Records supplied
──────────
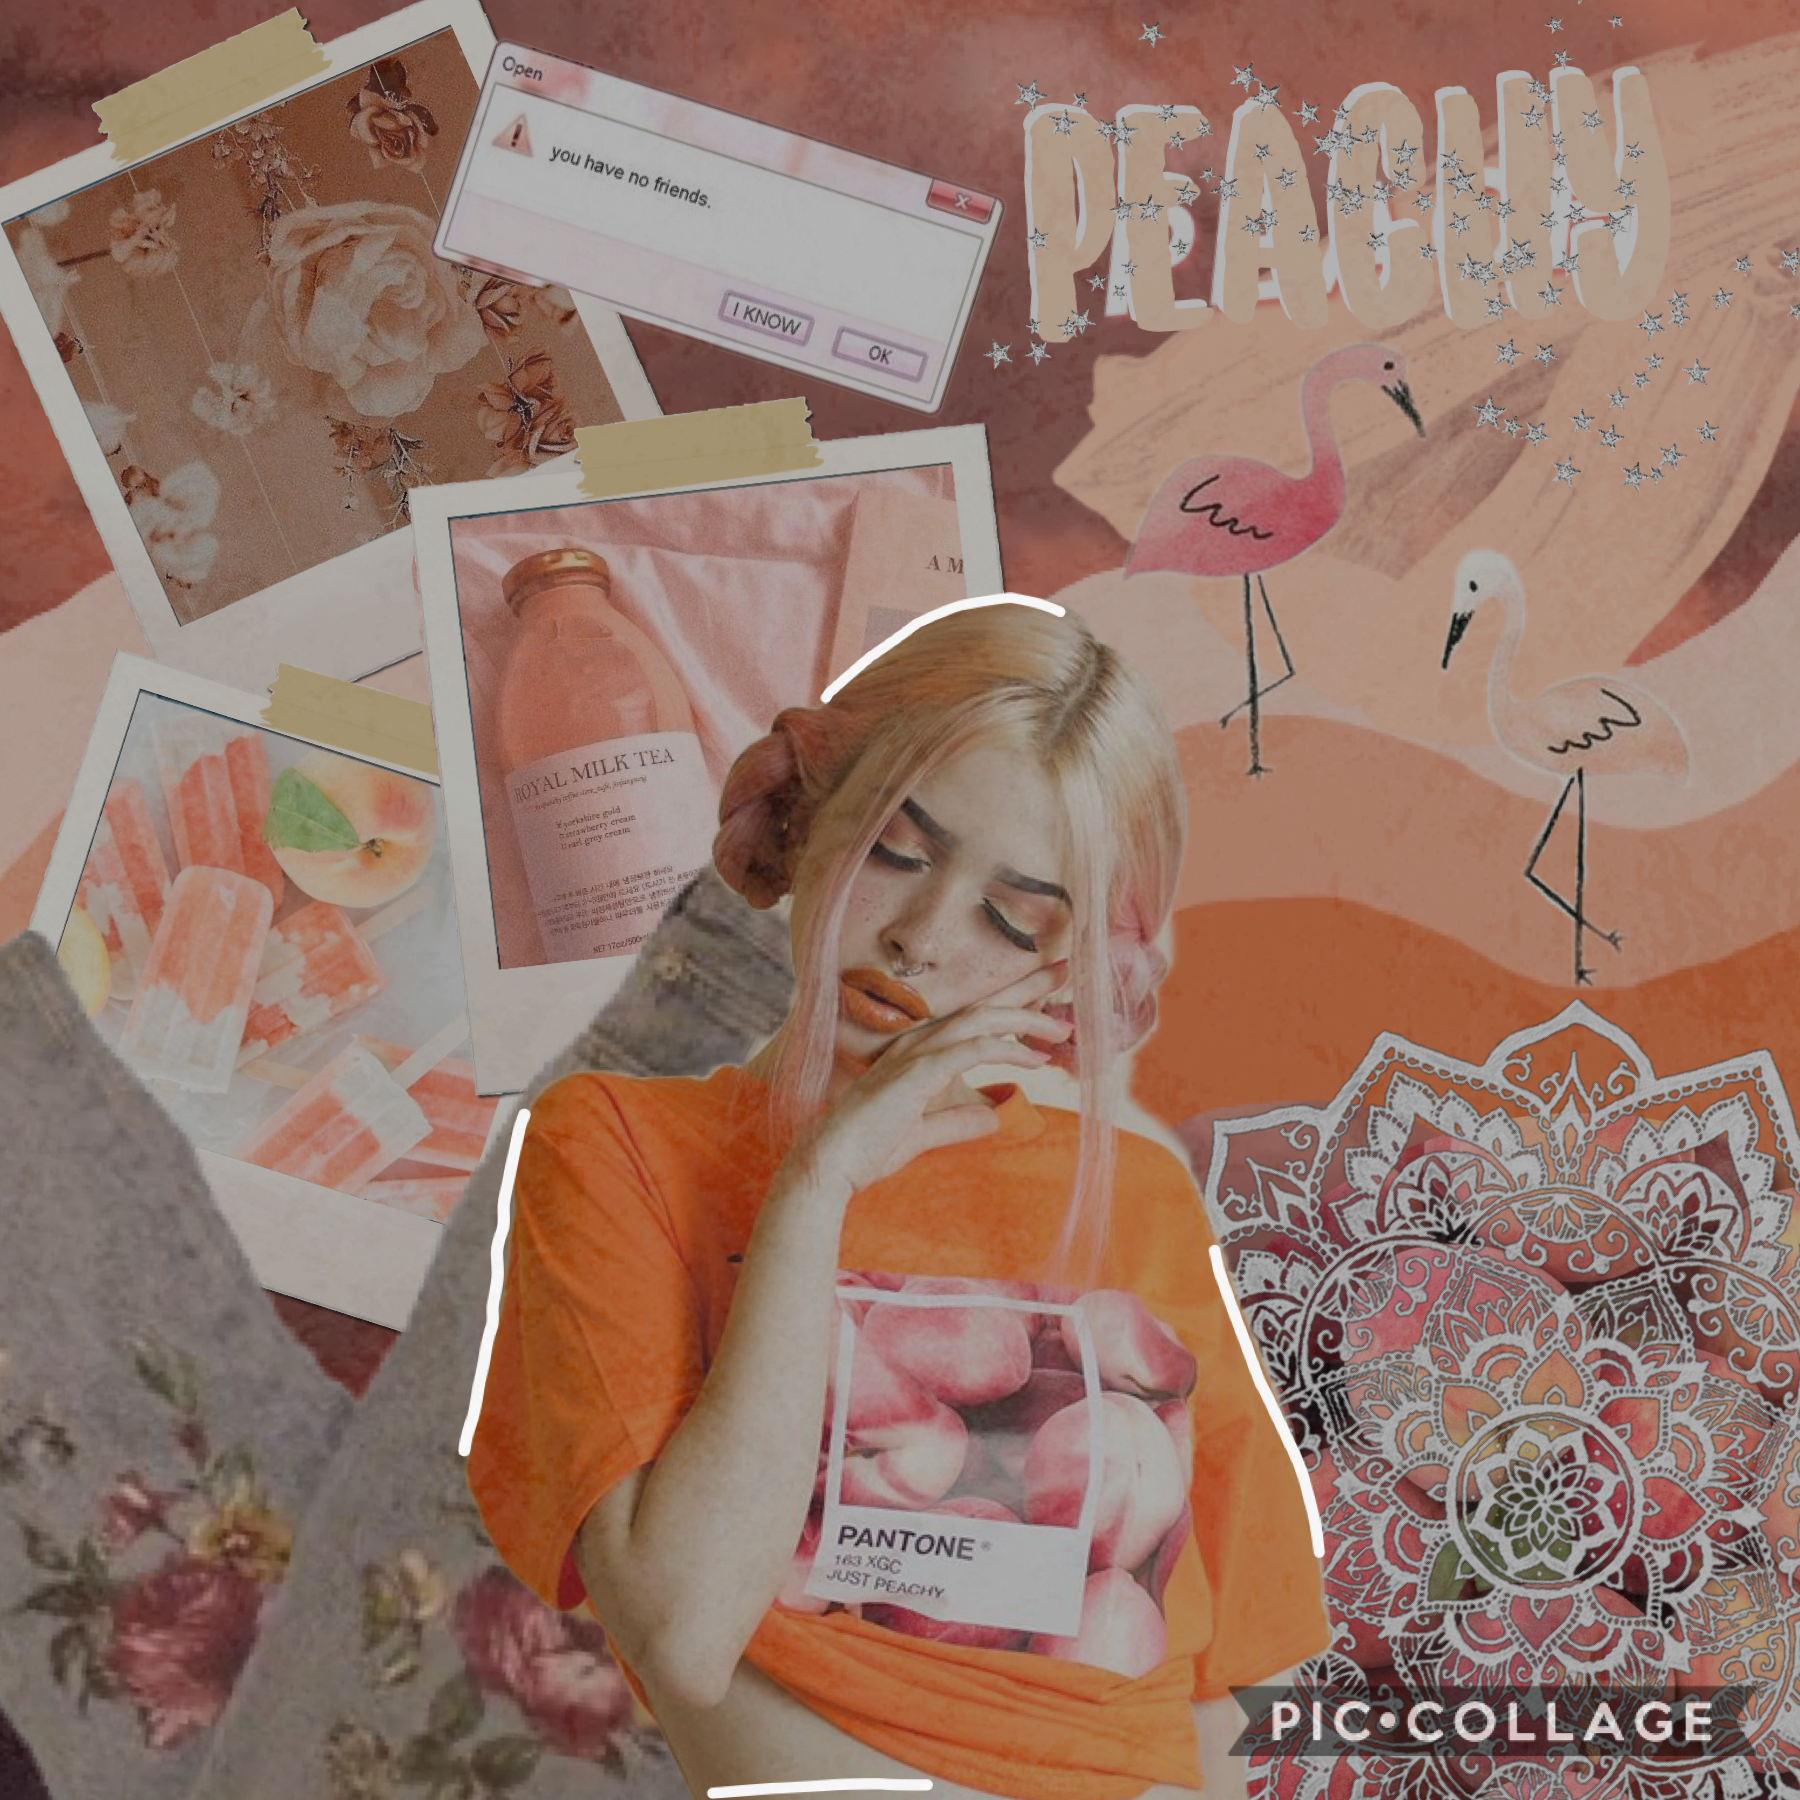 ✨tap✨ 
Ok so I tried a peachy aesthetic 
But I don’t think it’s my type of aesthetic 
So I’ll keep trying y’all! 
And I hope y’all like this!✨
──────────
What to do
Although the records above contain pictures, only their text is to be repeated, exactly as given.

Answer area
 ✨tap✨ 
Ok so I tried a peachy aesthetic 
But I don’t think it’s my type of aesthetic 
So I’ll keep trying y’all! 
And I hope y’all like this!✨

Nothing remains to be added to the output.